§ **Task requirements**
In the entries below, find the line with "1 x Professional" and the line with "Bureau avec lampes allumées et livret ouvert"; reproduce those two lines and all lines between them exactly, without pictures.

§ **Entries supplied**
□ □ □ □

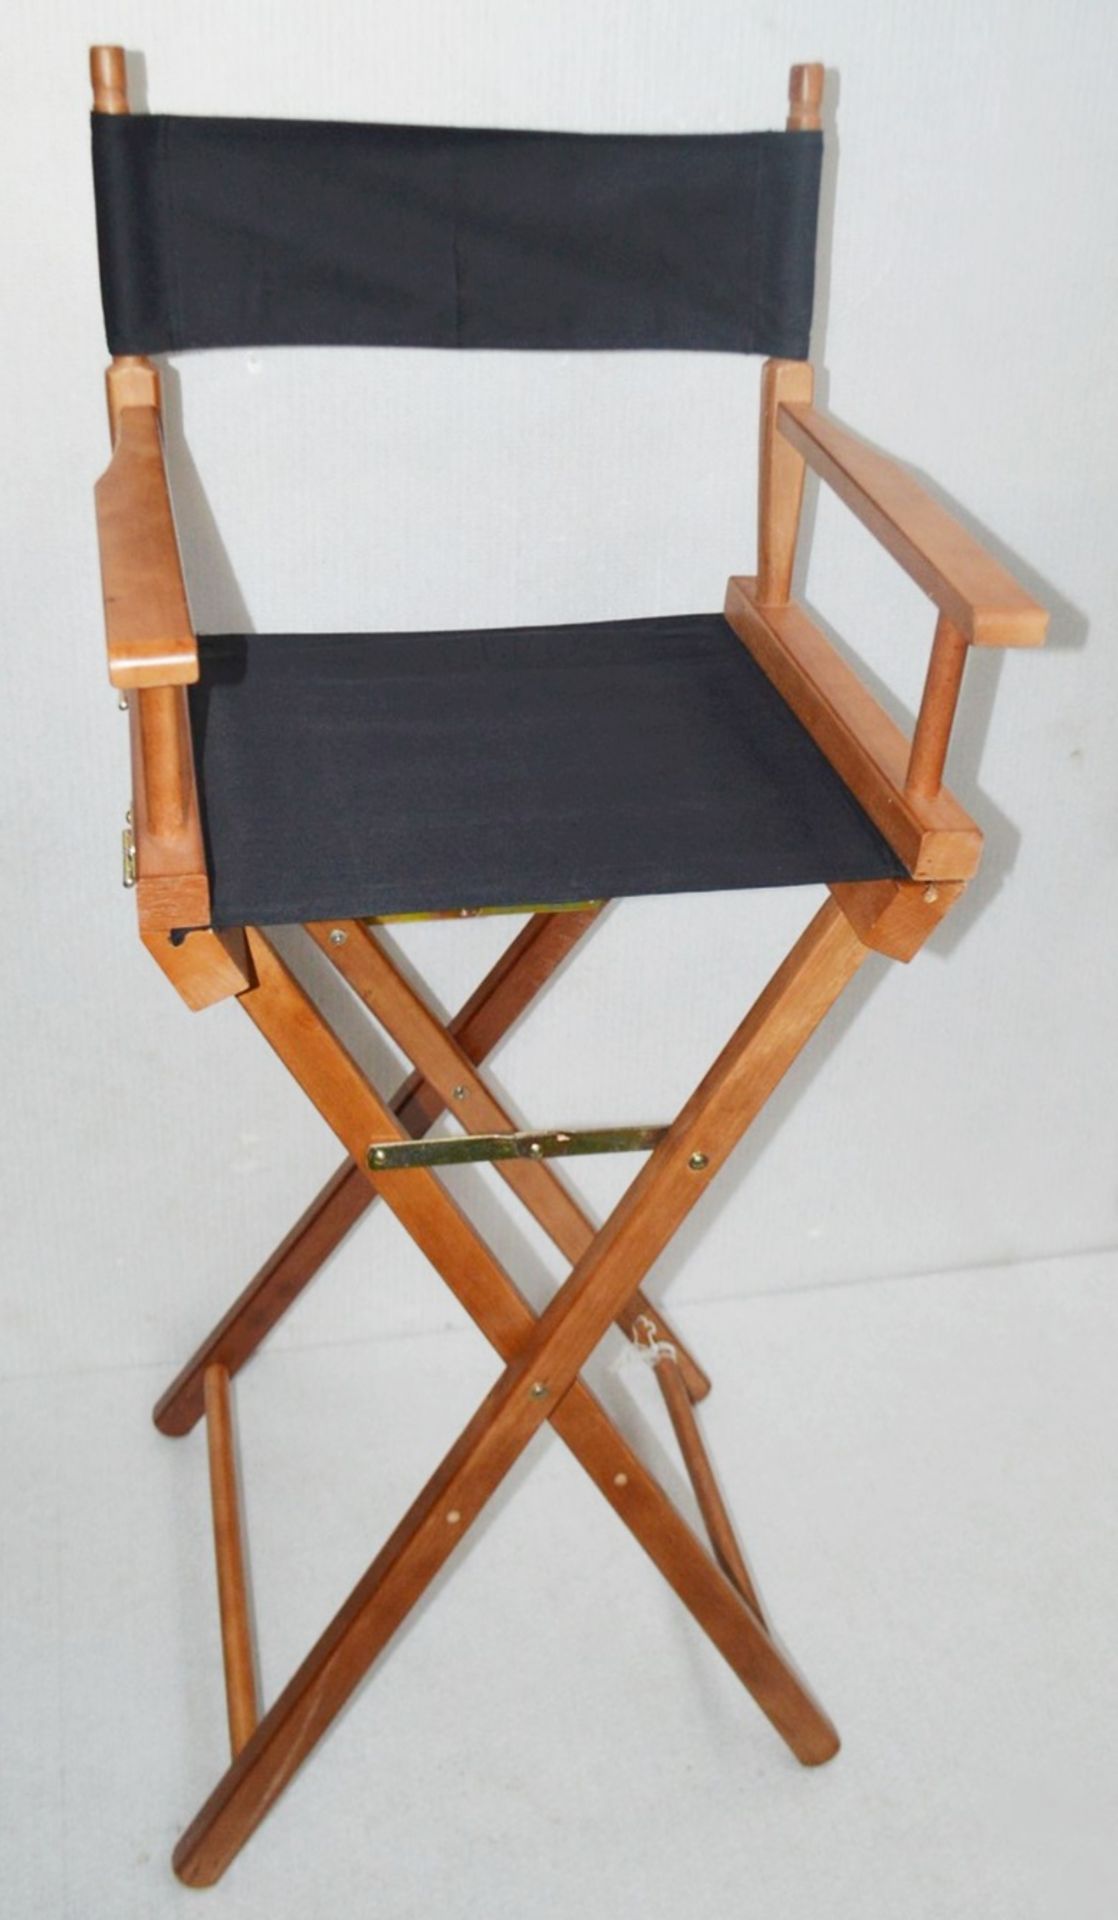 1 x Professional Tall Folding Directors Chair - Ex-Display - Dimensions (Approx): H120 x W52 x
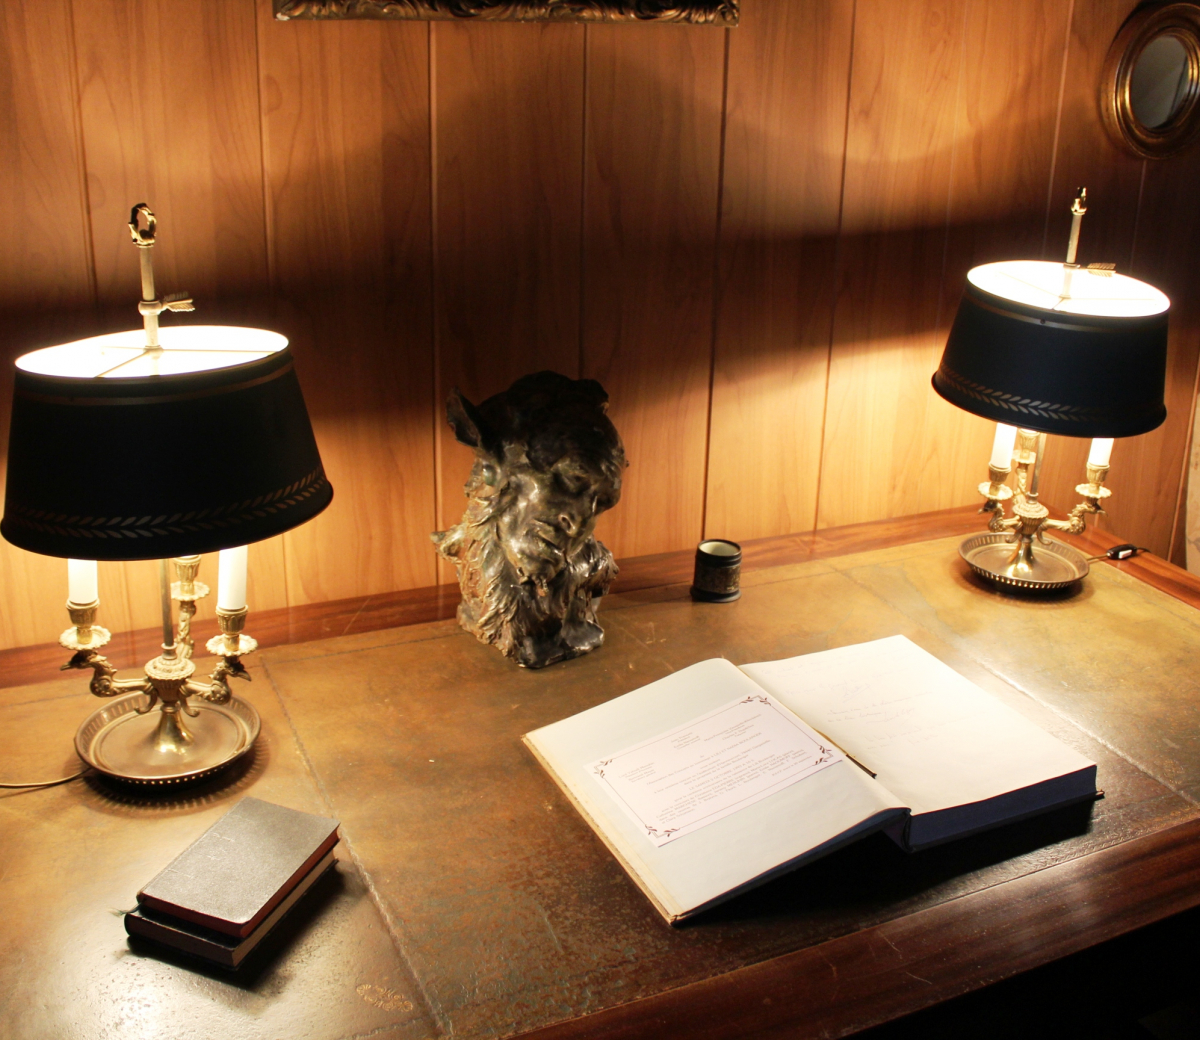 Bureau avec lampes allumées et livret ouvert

□ □ □ □

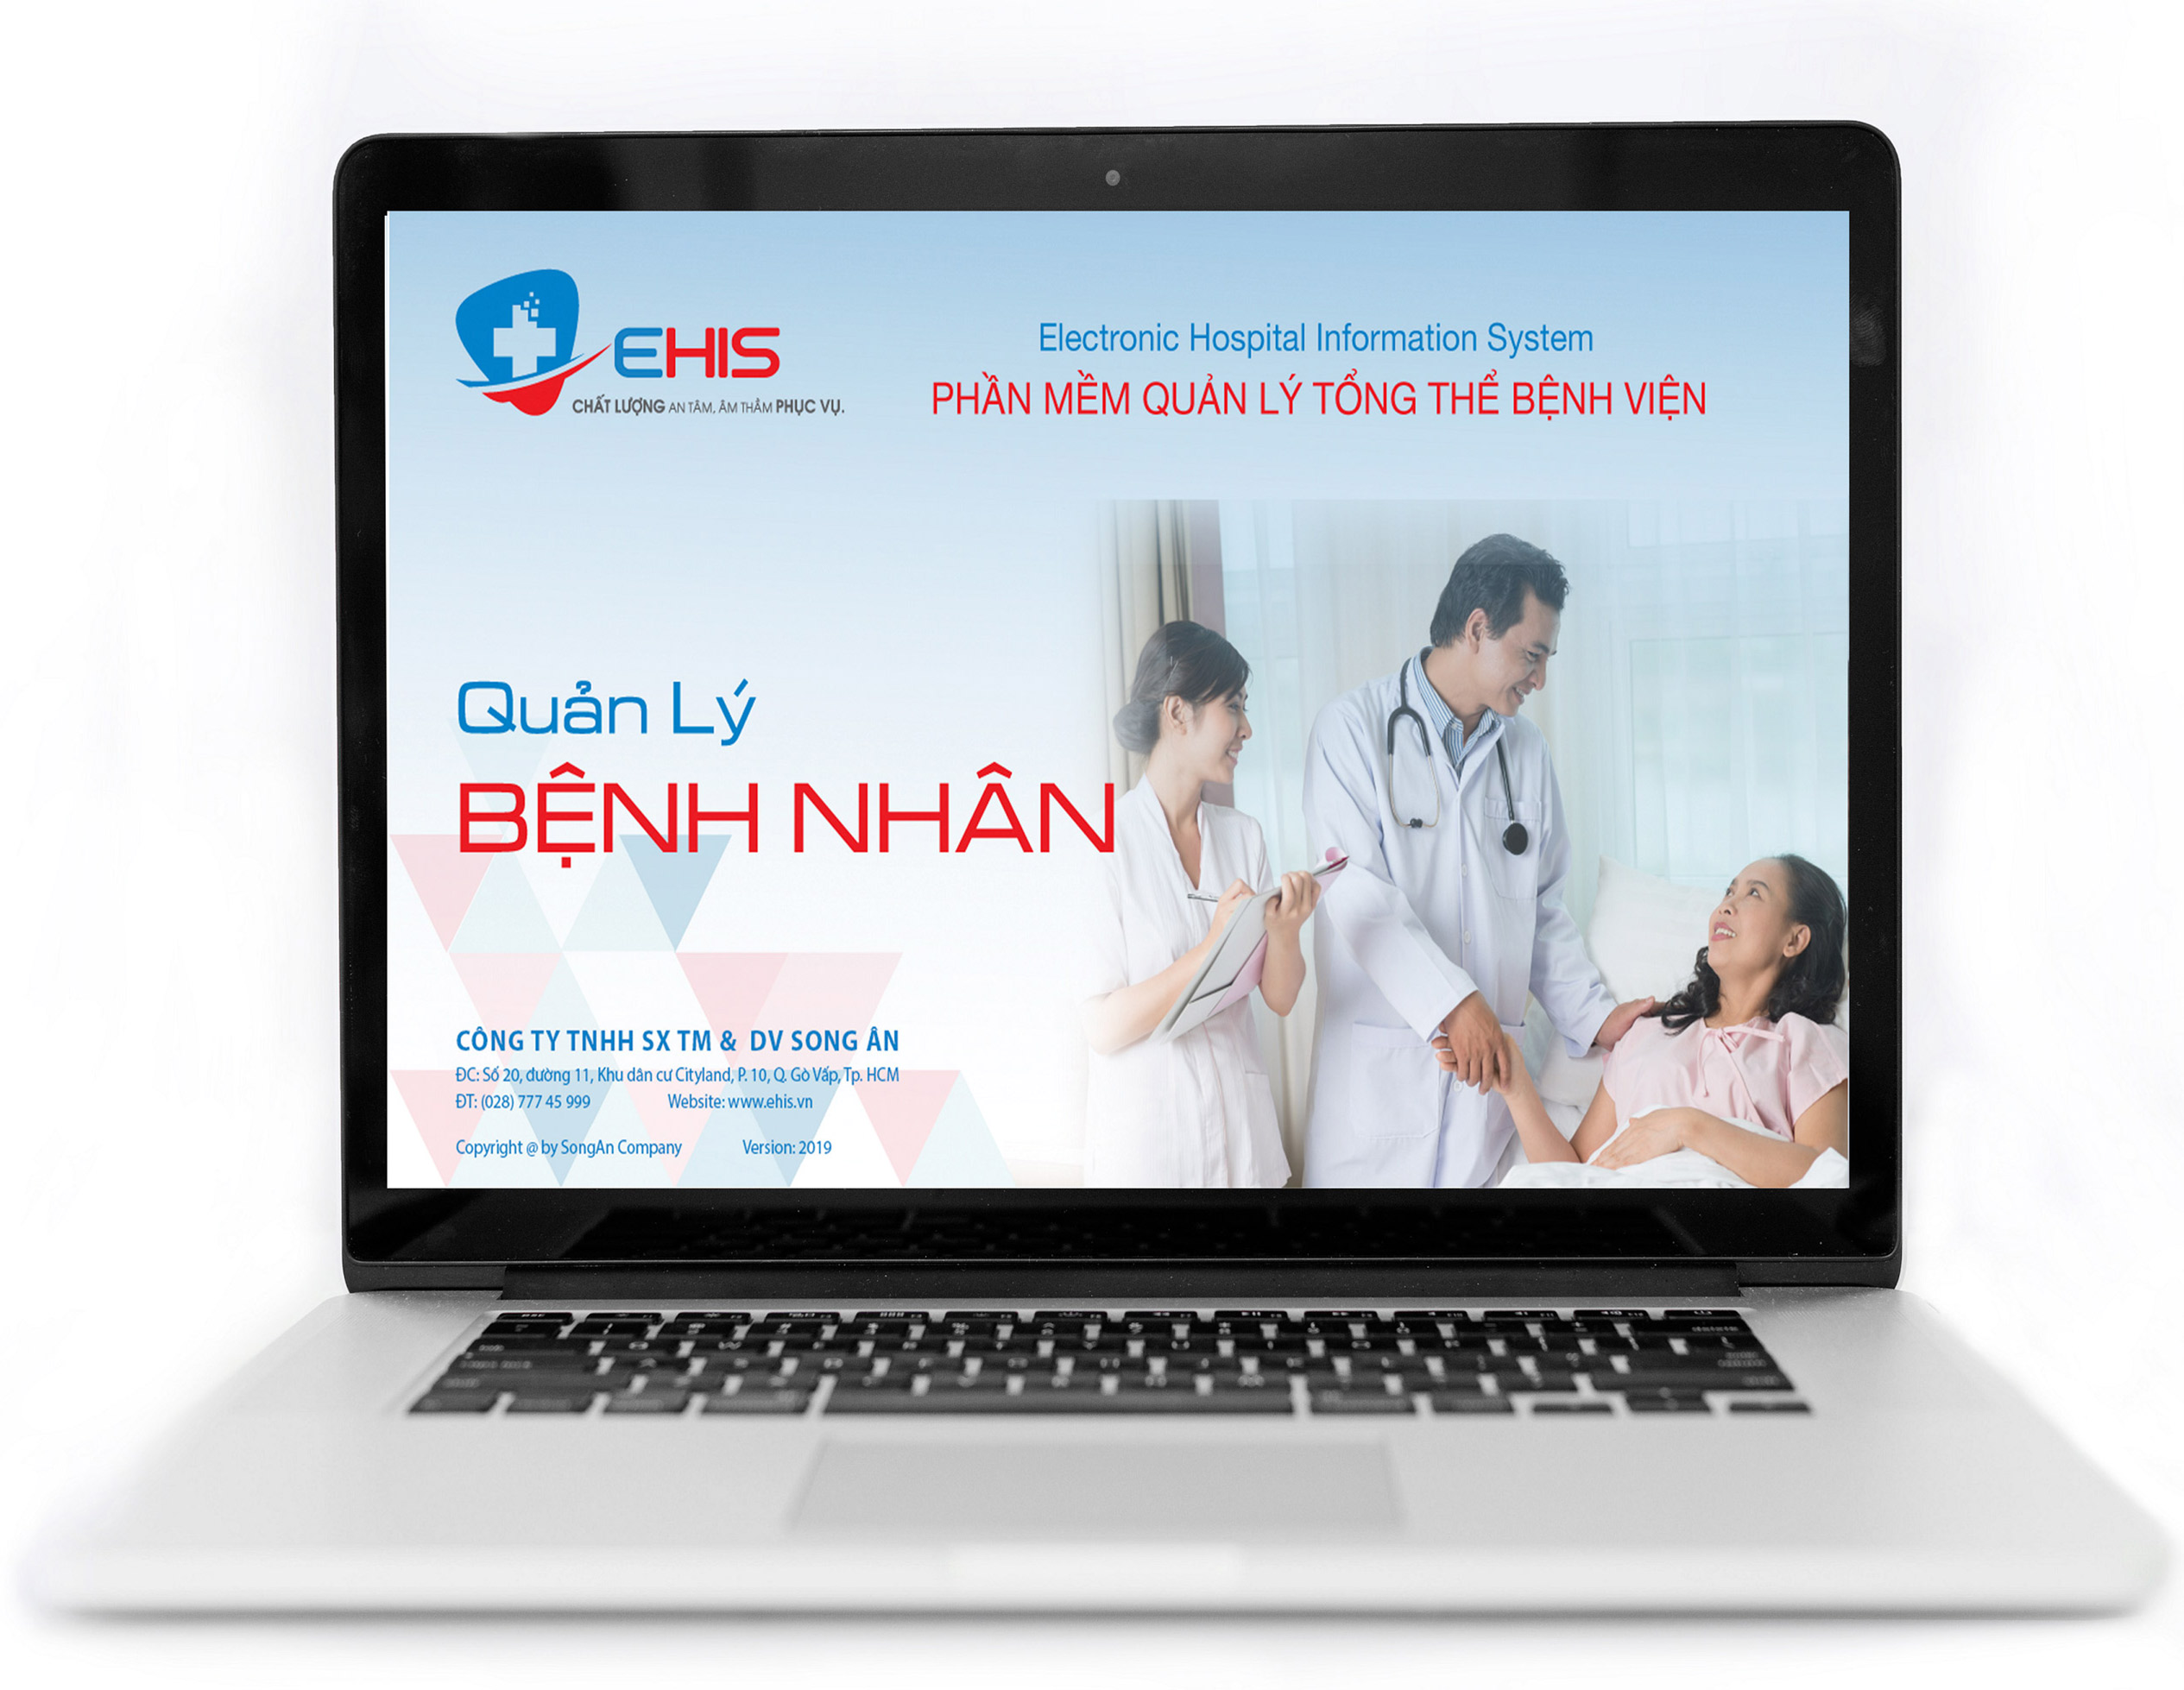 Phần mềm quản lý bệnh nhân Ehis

□ □ □ □

§ **Task result**
 1 x Professional Tall Folding Directors Chair - Ex-Display - Dimensions (Approx): H120 x W52 x
 Bureau avec lampes allumées et livret ouvert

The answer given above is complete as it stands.